Data scientists and creative designers come from two different worlds, with two very different perspectives.
Creatives are… well… creative. They tend to be free-spirits, who don’t like to be given strict constraints for how they should come up with the next amazing idea. You can’t put a creative spirit in a glass jar and expect it to thrive.
According to Psychology Today, “Creative people combine playfulness and discipline, or responsibility and irresponsibility.”
This leads me to believe you can help creatives, as well as most people, thrive by giving basic structure to help promote a balance of discipline and playfulness. Information on the client, campaign goals, media channels, audiences – information that helps focus their creative energy – are helpful.
That is where data scientists come in. There is often a belief that data scientists cannot be creative, that we are stricter, rule followers – I don’t believe this is true.
Data, handled the right way, is a fine balance between science and art.
When you stare at a spreadsheet of numbers, you need an experienced artist’s eye to identify what is most important. How do you make the data useful? This is what I call data strategy – the ability to tell a story with the data in front of you, which takes both creativity and an understanding of the underlying data.
In the context of working with a creative design team, creative data strategy also means admitting data doesn’t live only in a spreadsheet, that data comes from the design team as well – in their experience, their reactions, their perspectives.
This is where data and creativity merge. Data can tell you who purchases a product and who doesn’t, it can tell you about motivations, personality traits – it can answer who, what, when, where, why.
Creative design teams are the people who take this data and use it to make people feel. “Creative has always been the crucial point where the marketer meets the consumer,” says Oz Etzioni in his Adweek post about breaking silos between creative and data. What most people want is a reason to care, to feel a certain way and that is what a good creative team does.
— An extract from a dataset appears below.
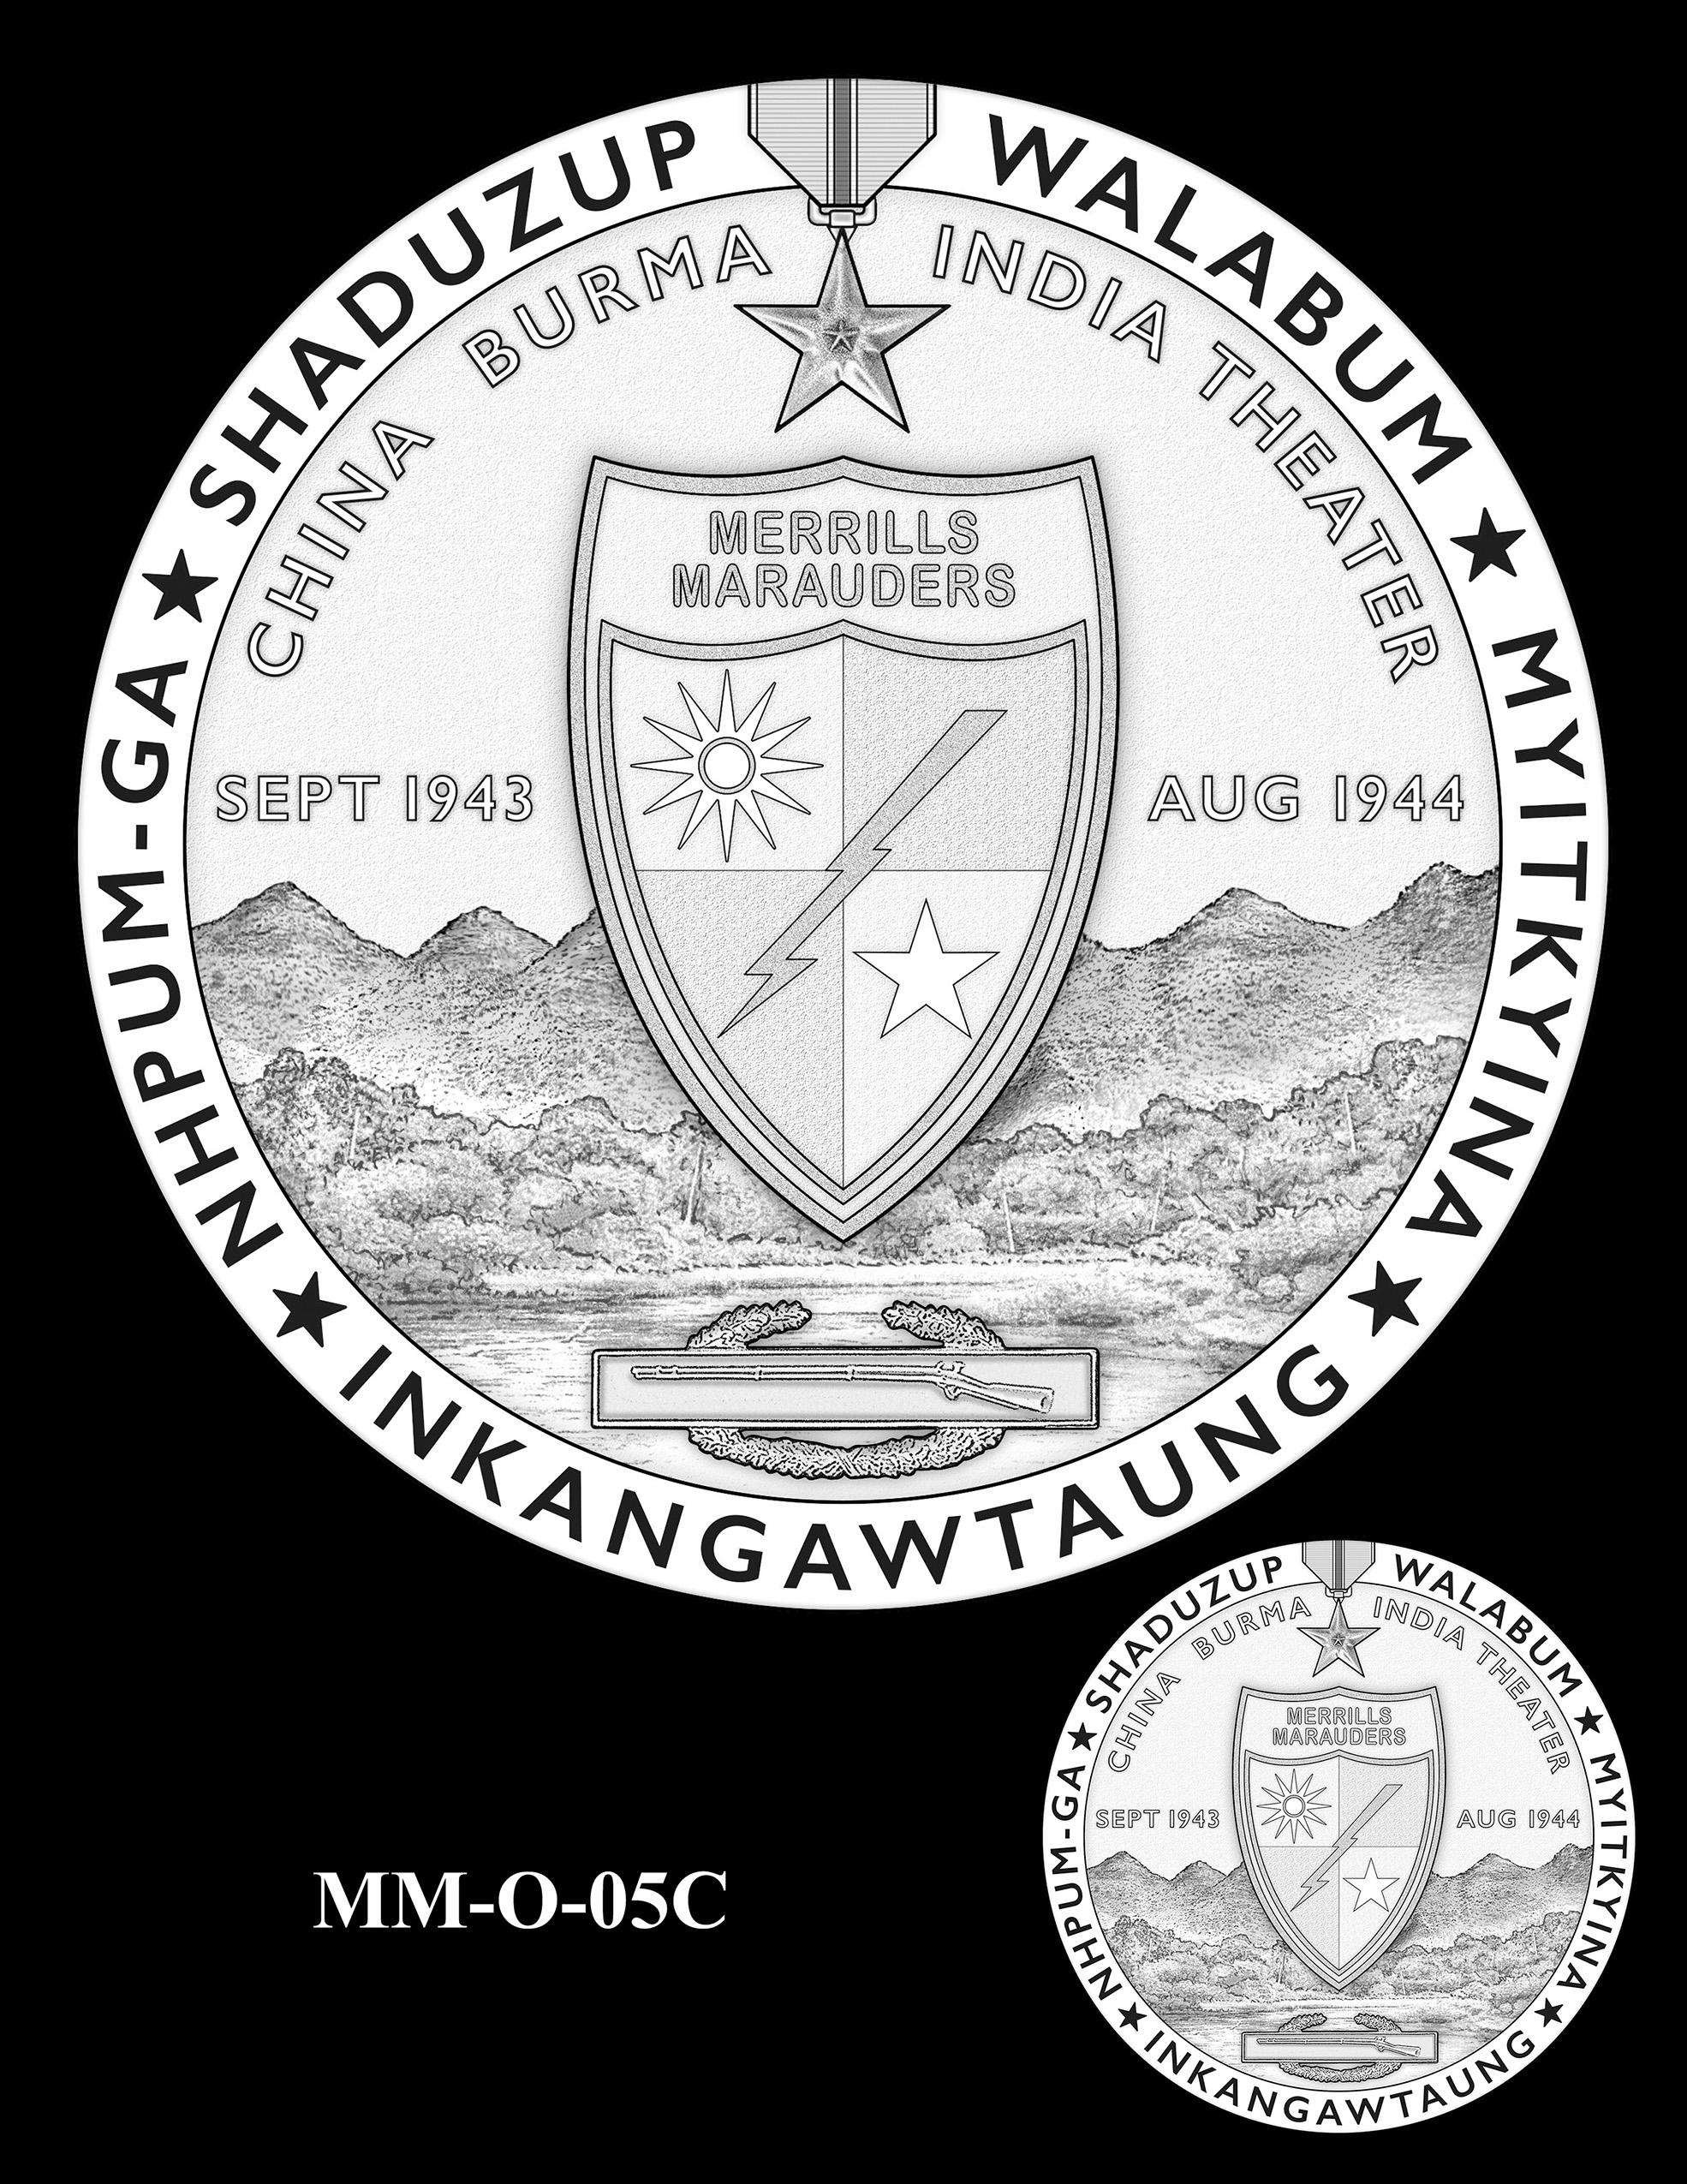 MM-O-05C -- Merrill's Marauders Congressional Gold Medal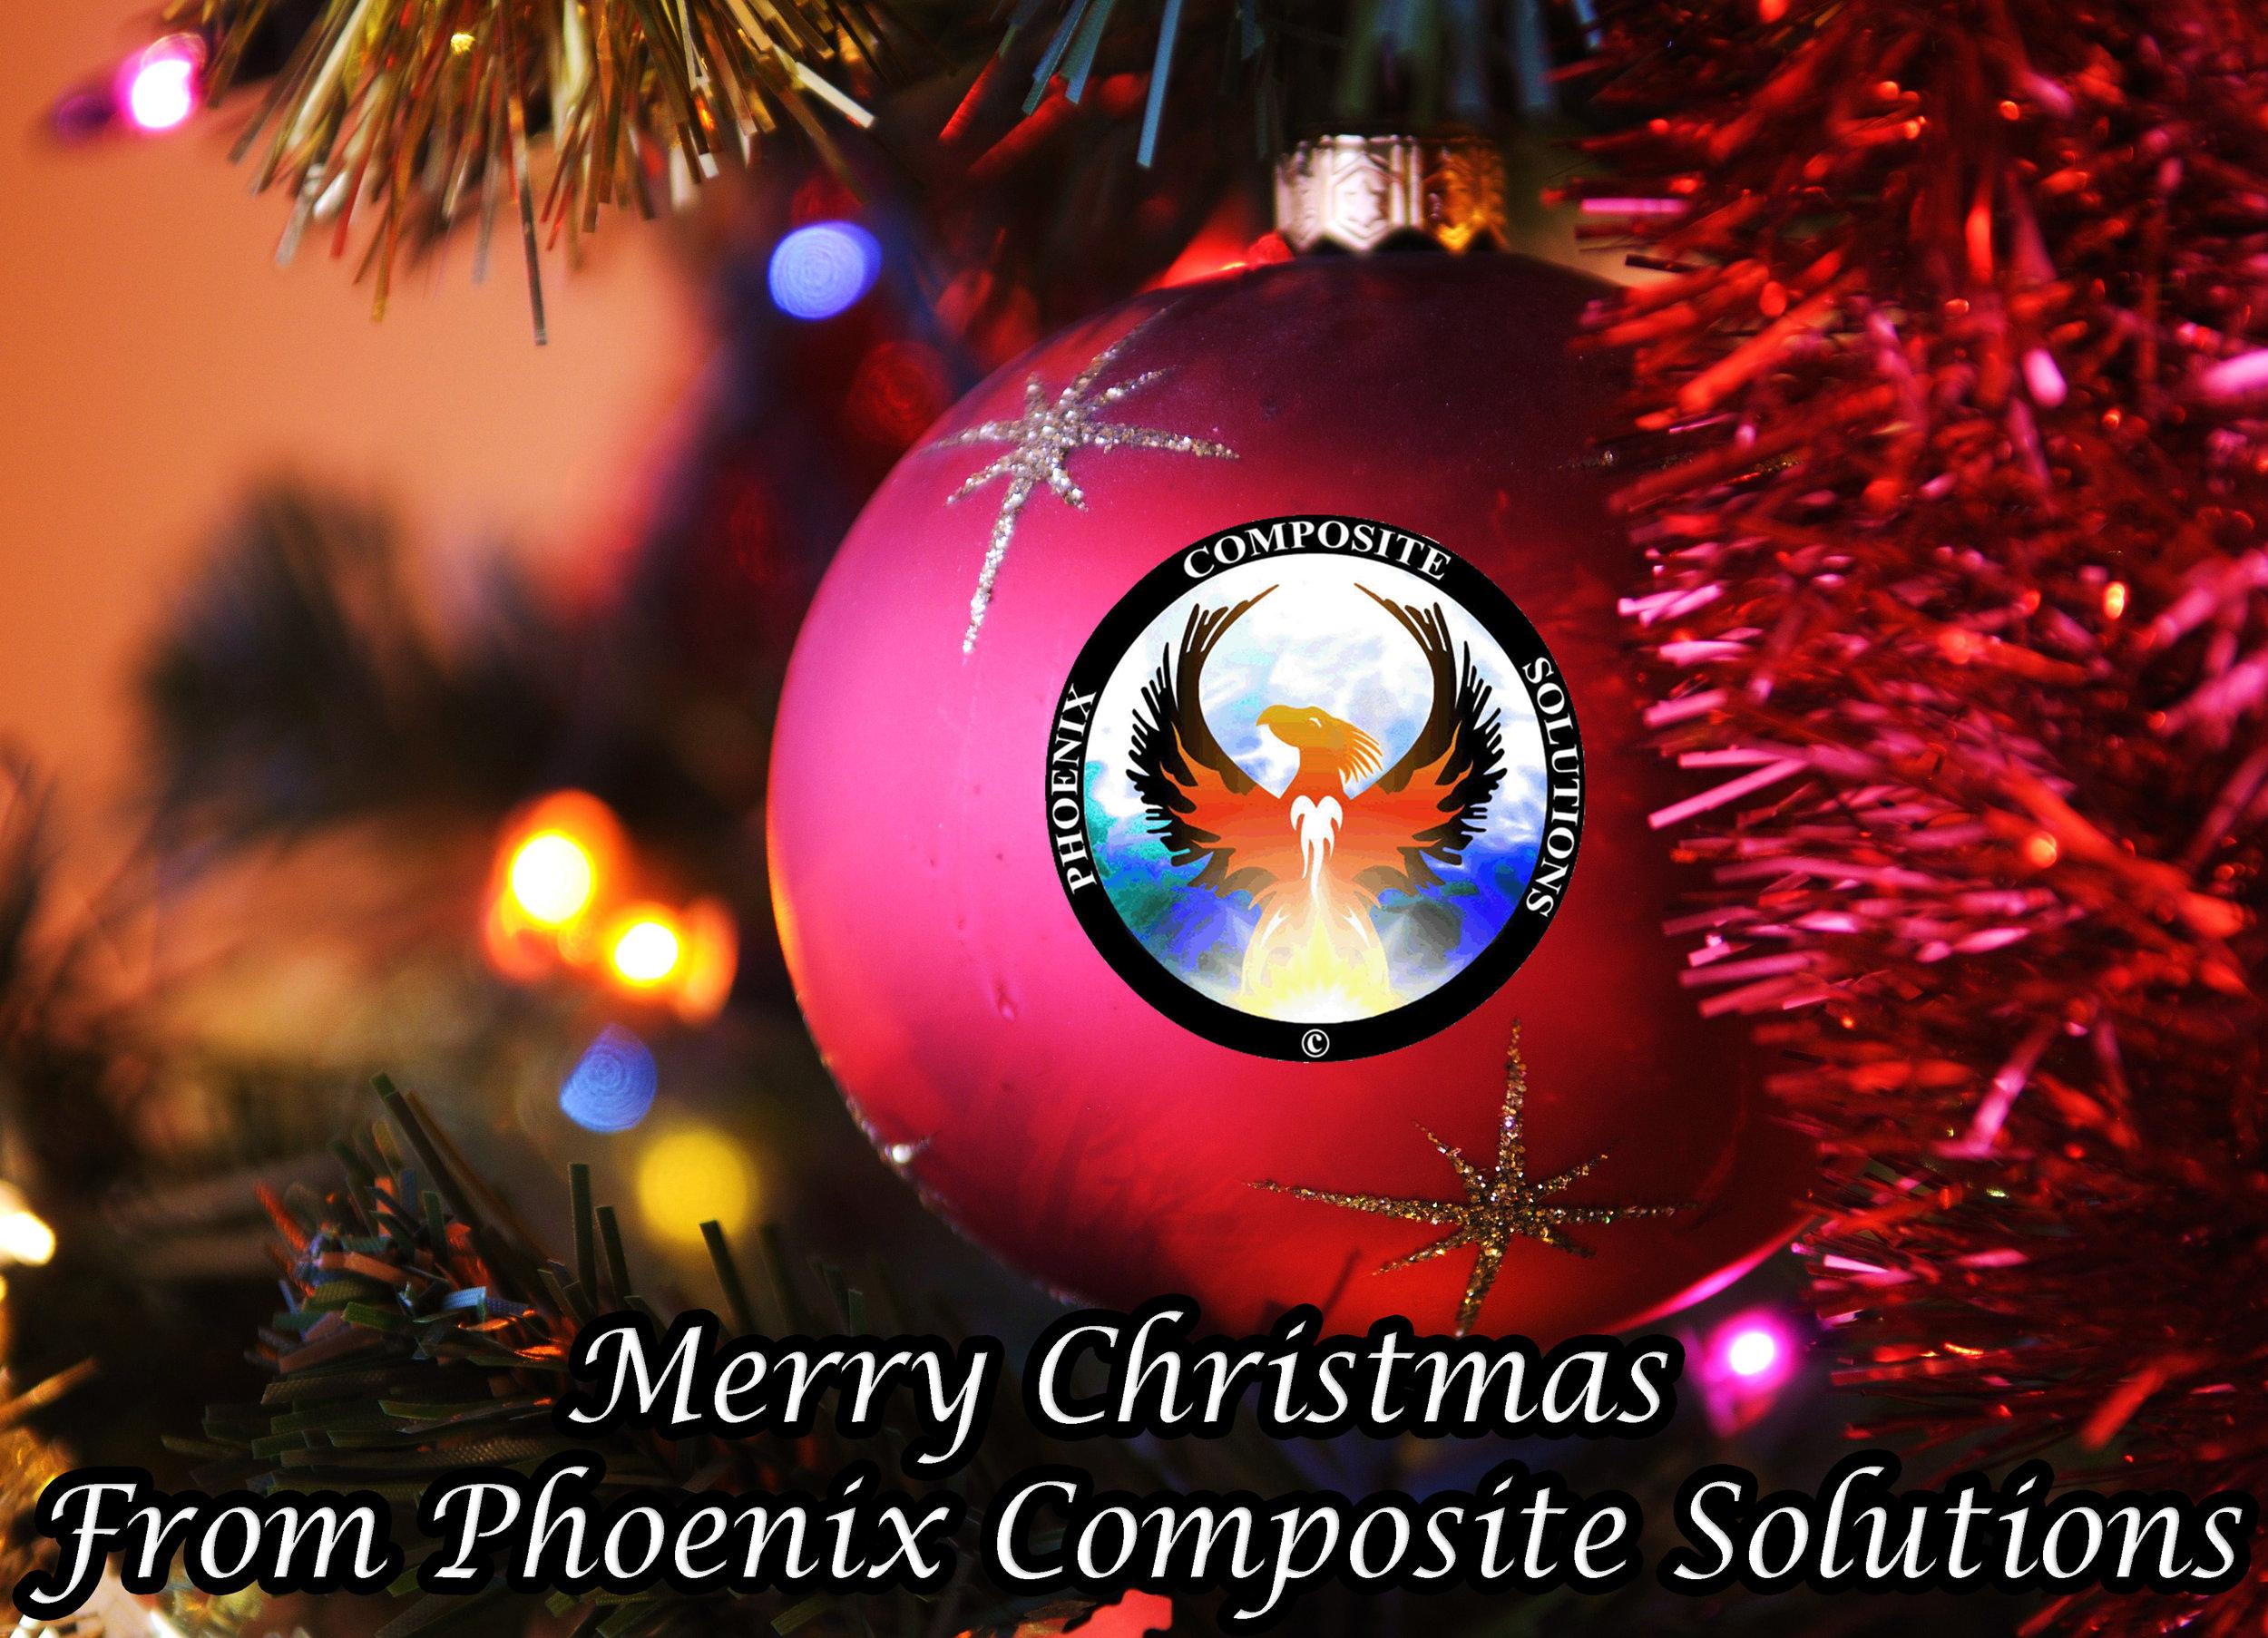 Christmas_tree_red_bauble8888.jpg

As data strategists, it is our job to work with creative teams to ensure we are providing the right kinds of data and testing structures that help creative teams flourish and grow – to thrive in their creativity without putting them in a box.
When it comes down to it, creative teams and data teams have more commonalities than differences – we are often detail-oriented, perfectionists, artists. When we work together, we can make creatively, data-driven magic.